Некоторые тела могут быть для меня желанными, тогда как я знаю, что их задача состоит в том, чтобы вызывать во мне отвращение: к примеру, купальники с большим вырезом на ляжках, поднимающиеся до самого пупка, которых я сам не видел, вызывают во мне определенную слабость к телам, которые очень скоро растолстеют.
Благодаря этим фотографиям, я также открываю для себя очарование моих родителей, некое представление, которое я ни в коем случае не подумал бы соотнести с ними: они молоды, иногда они еще моложе, чем я теперь, и я открываю для себя их улыбку, их загорелую кожу, их худые тела, я ловлю себя на том, что могу желать их.
О моем собственном теле фотография сообщает мне мало сведений, тех ничтожных сведений, которые я пытаюсь снова соединить с моей собственной историей: в младенчестве я неожиданно очень улыбчив, о таком ребенке говорят, что он «чудесный малыш», светлые волосы завиты «шукетками»[7]; потом до десяти лет я обезьянничаю перед фотоаппаратом, корчу рожи и хмурюсь, и это напоминает мне о том, что мой отец часто называл меня Иеремией, потому что я, горько стеная, постоянно устраивал иеремиады, и потому, что святой Эрве родился в тот же день, что и его коллега Иеремия… Я хочу отыскать в фотографиях какой-нибудь след того, как однажды надел на своего плюшевого ягненка Ягнежку[8] платье.

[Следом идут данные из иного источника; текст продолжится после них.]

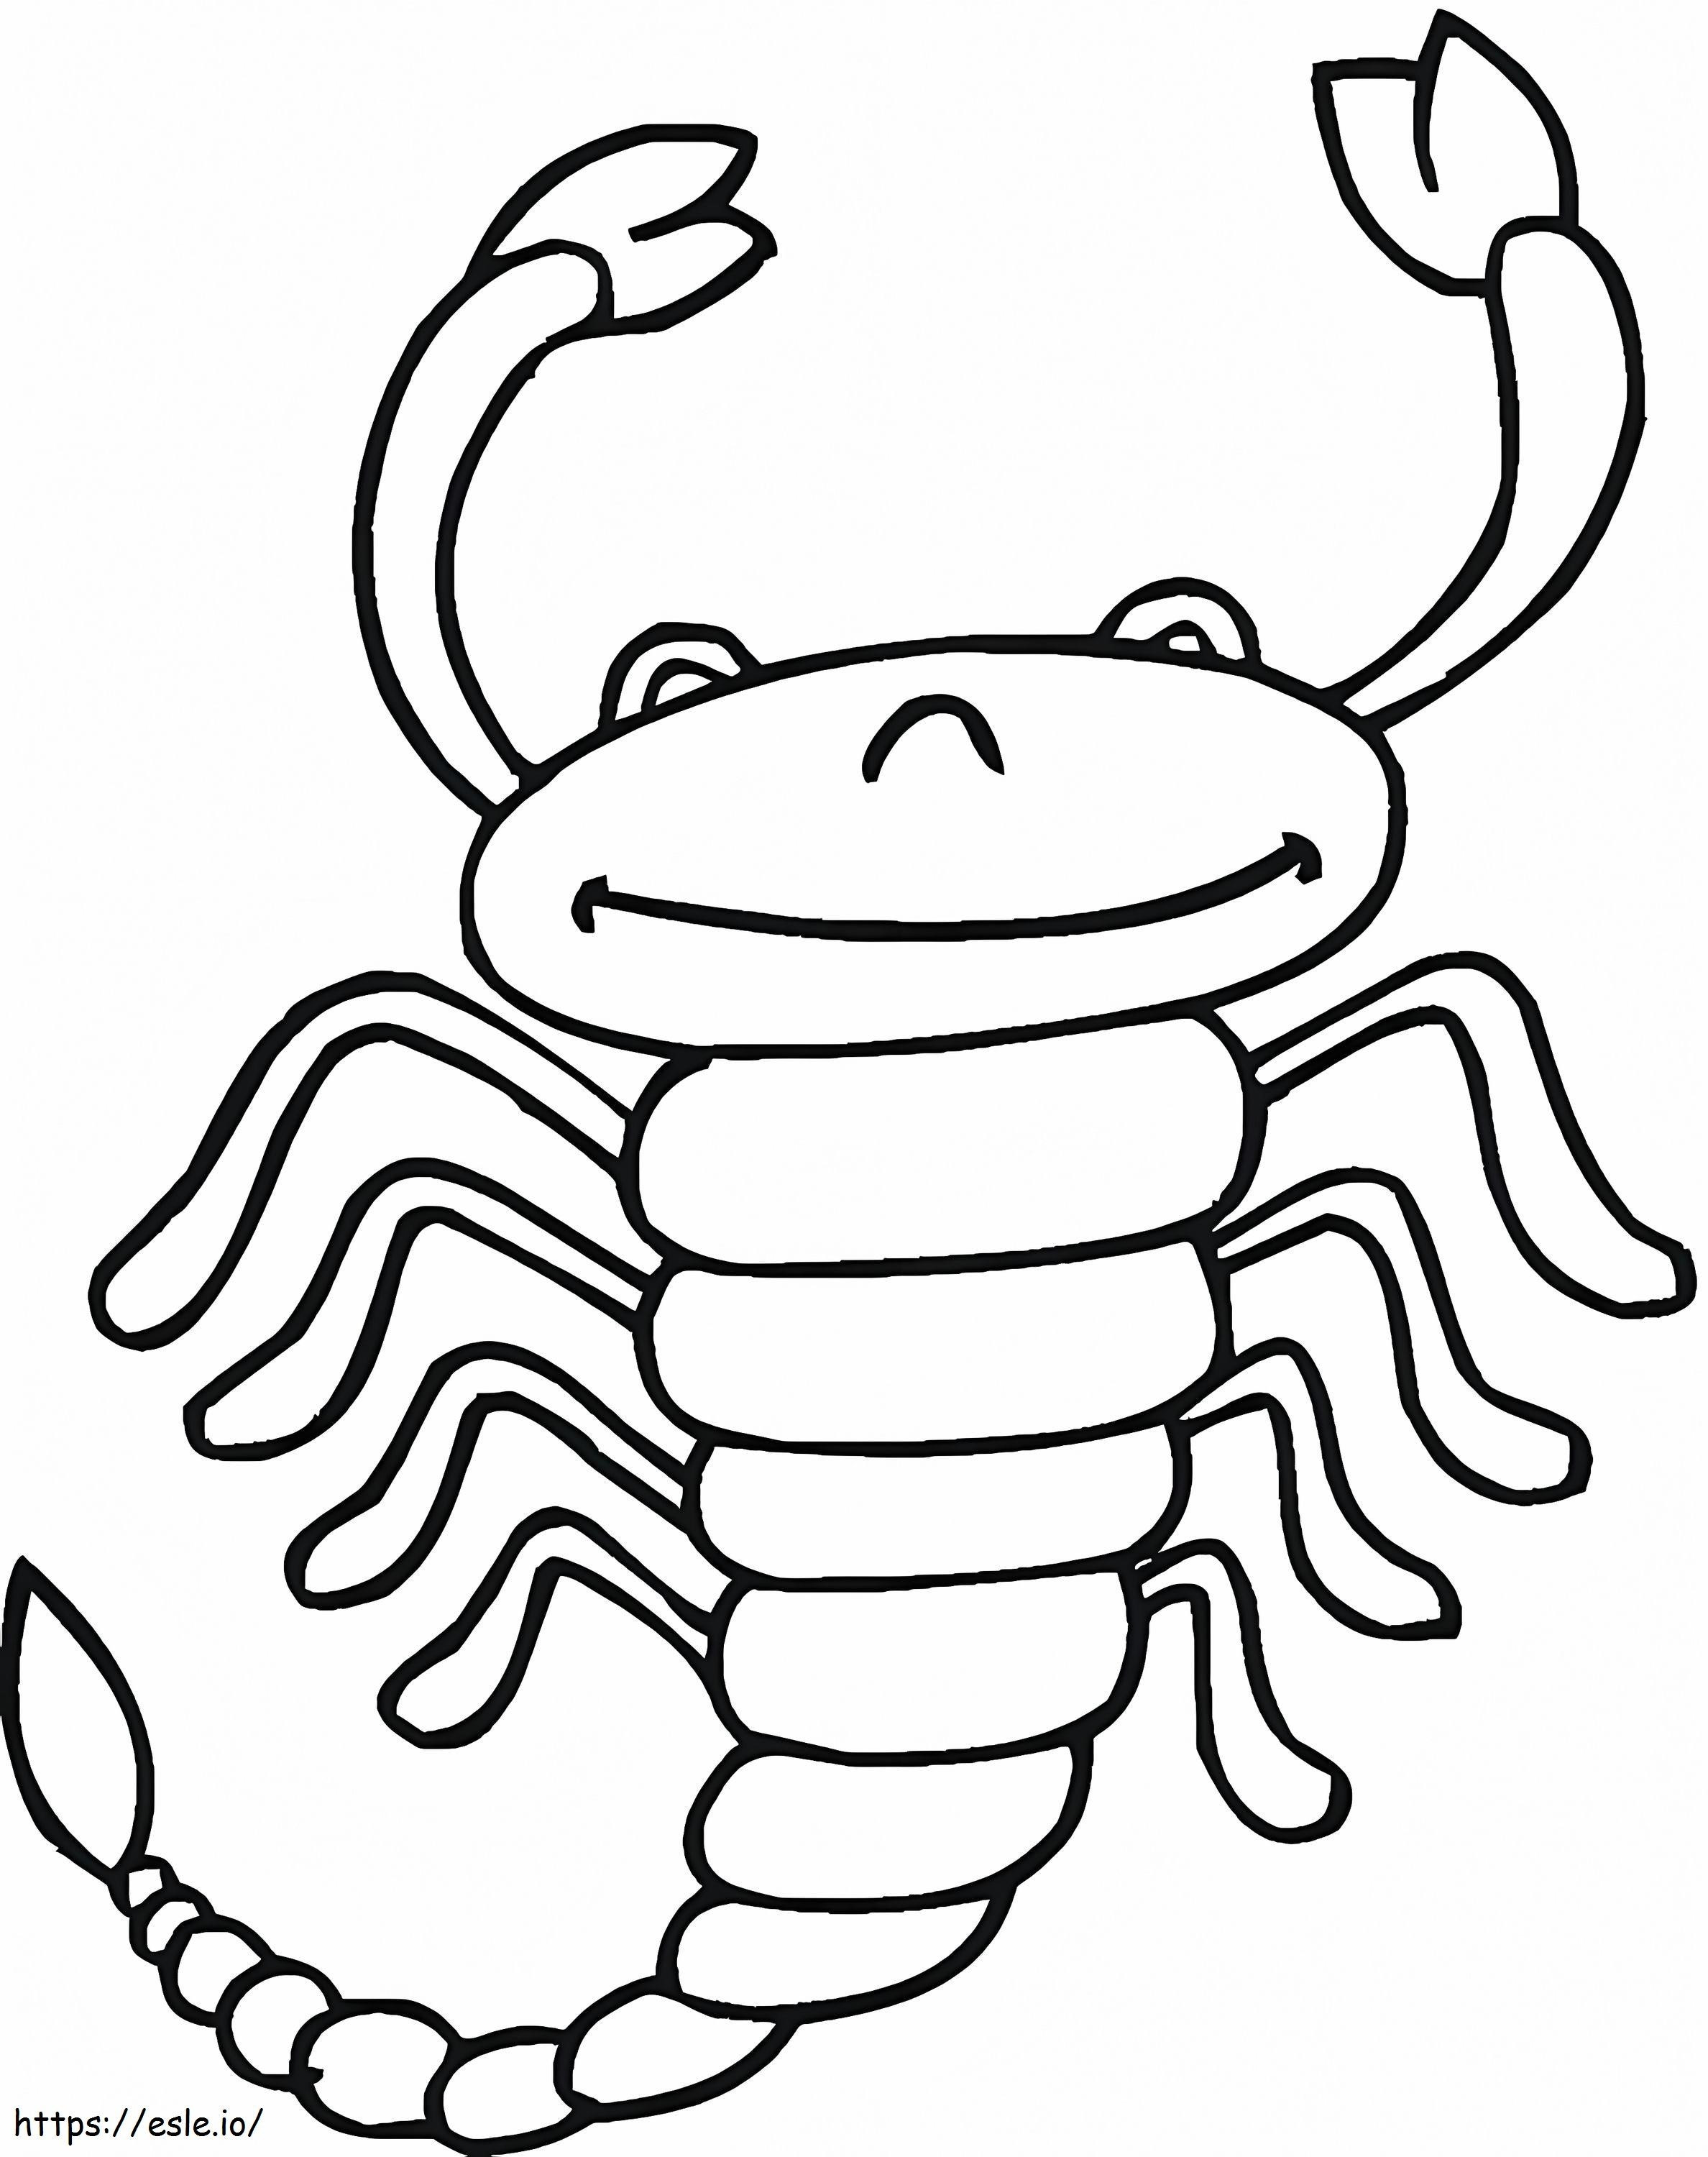 Scorpione divertente da colorare

Коллекция детских фотографий в определенном возрасте внезапно останавливается, это возраст полового созревания, когда в теле проявляется сексуальность, оно покрывается волосами, становится взрослым, схожим с остальными телами. Фотография сначала не оставляет попыток присвоить все себе, кадрировать неполовозрелое тело, так же происходит и дома: запрещено выходить по вечерам, до определенного возраста тебя моют родители. Это тело должно предстать перед фотоаппаратом, словно на медицинском освидетельствовании: человек находится в распоряжении отца, который в любой момент может вынести вердикт.

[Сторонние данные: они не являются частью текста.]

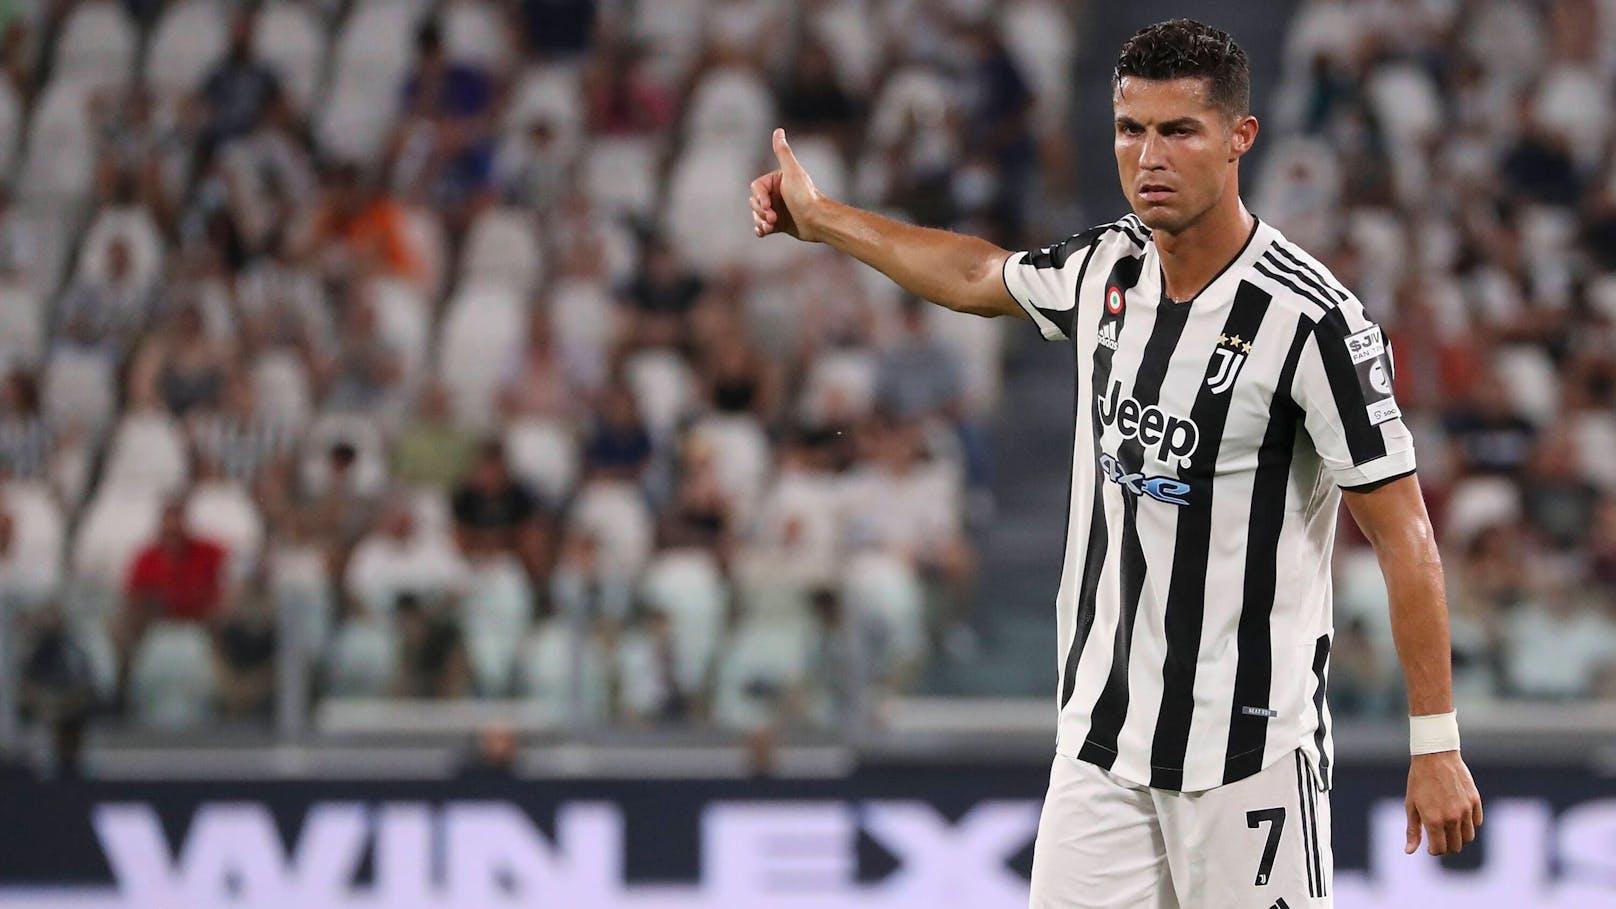 Gehaltsstreit! Ronaldo gewinnt Verfahren gegen Ex-Klub

Я вспоминаю о сценке, которая поразила меня, когда мне было восемь или девять лет, сестре было двенадцать или тринадцать, и ее высокая и крепкая грудь только сформировалась, мы видели ее еще прошлым летом на пляже, но, вероятно, это было последнее лето, когда грудь была открыта, через год она скроется под лифчиком, сестра стала его носить. В то утро — конечно же, это было воскресенье — сестра заперлась в ванной. Отец у двери, с фотоаппаратом в руках, хотел войти. Не таясь, он говорил, что хочет сфотографировать грудь дочери, ибо грудь в этом возрасте, только зарождаясь, находится на пике своей красоты, говорил он, и, если ее не сфотографировать, это совершенство будет потеряно, таков был его аргумент. При помощи снимка он с болью отказывался от скрытого чувства собственности и одновременно боролся против ограничений, хотел еще чуть-чуть отодвинуть фазу ухода, отречения и в то же время выйти из роли отца, чтобы войти в роль любовника, соглашающегося быть вуайеристом, ибо желания отца и любовника, по-видимому, довольно схожи…

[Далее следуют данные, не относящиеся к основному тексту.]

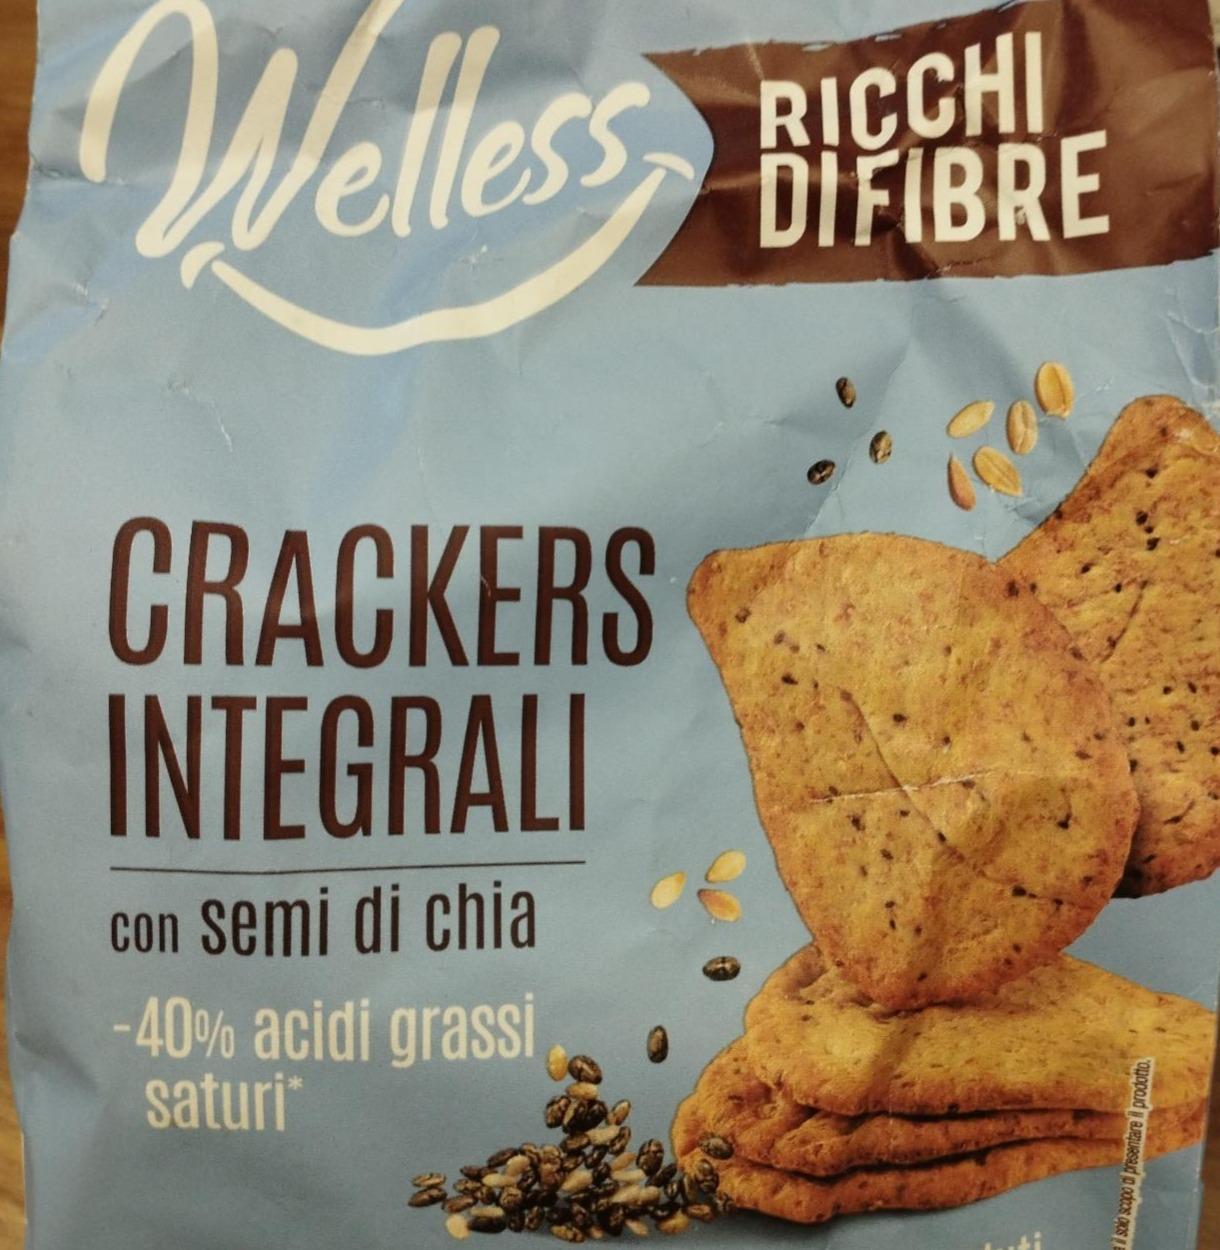 Фото - Crackers integrali con semi di chia Welless

Смотря на все эти фотографии, я задаюсь вопросом: «Был ли мой отец хорошим фотографом?». Но фотографии, которые я сам считаю хорошими, всегда неудавшиеся, размытые или плохо кадрированные, снятые детьми, фотографии, которые, таким образом, вопреки самим себе, подпадают под порочный закон фотографической эстетики, оторванной от всякой реальности. Таким образом, снятый со вспышкой возле каменной жардиньерки портрет тети Жизели, держащей на коленях кривляющегося мальчугана, который вертит маленькую механическую игрушку, с их симметричными тенями, пересекающимися с тенью фотографа, мог бы быть американским снимком в духе Фридлендера. Изображение перекошенной (думаю, по оплошности) гавани с лодкой мог бы быть фотографией Мохой-Надя. Подобный портрет моей цветущей молодой белокожей матери, сидящей, закинув голову, в шезлонге, мог бы быть фотографией Бубы 50-х годов, это не Лейла[9], а Жанин, но впечатление то же самое. А размытый автопортрет матери в зеркале заставляет меня думать о Хичкоке. Тем не менее, фотографические сопоставления меня не интересуют. Я хочу испытать иное волнение.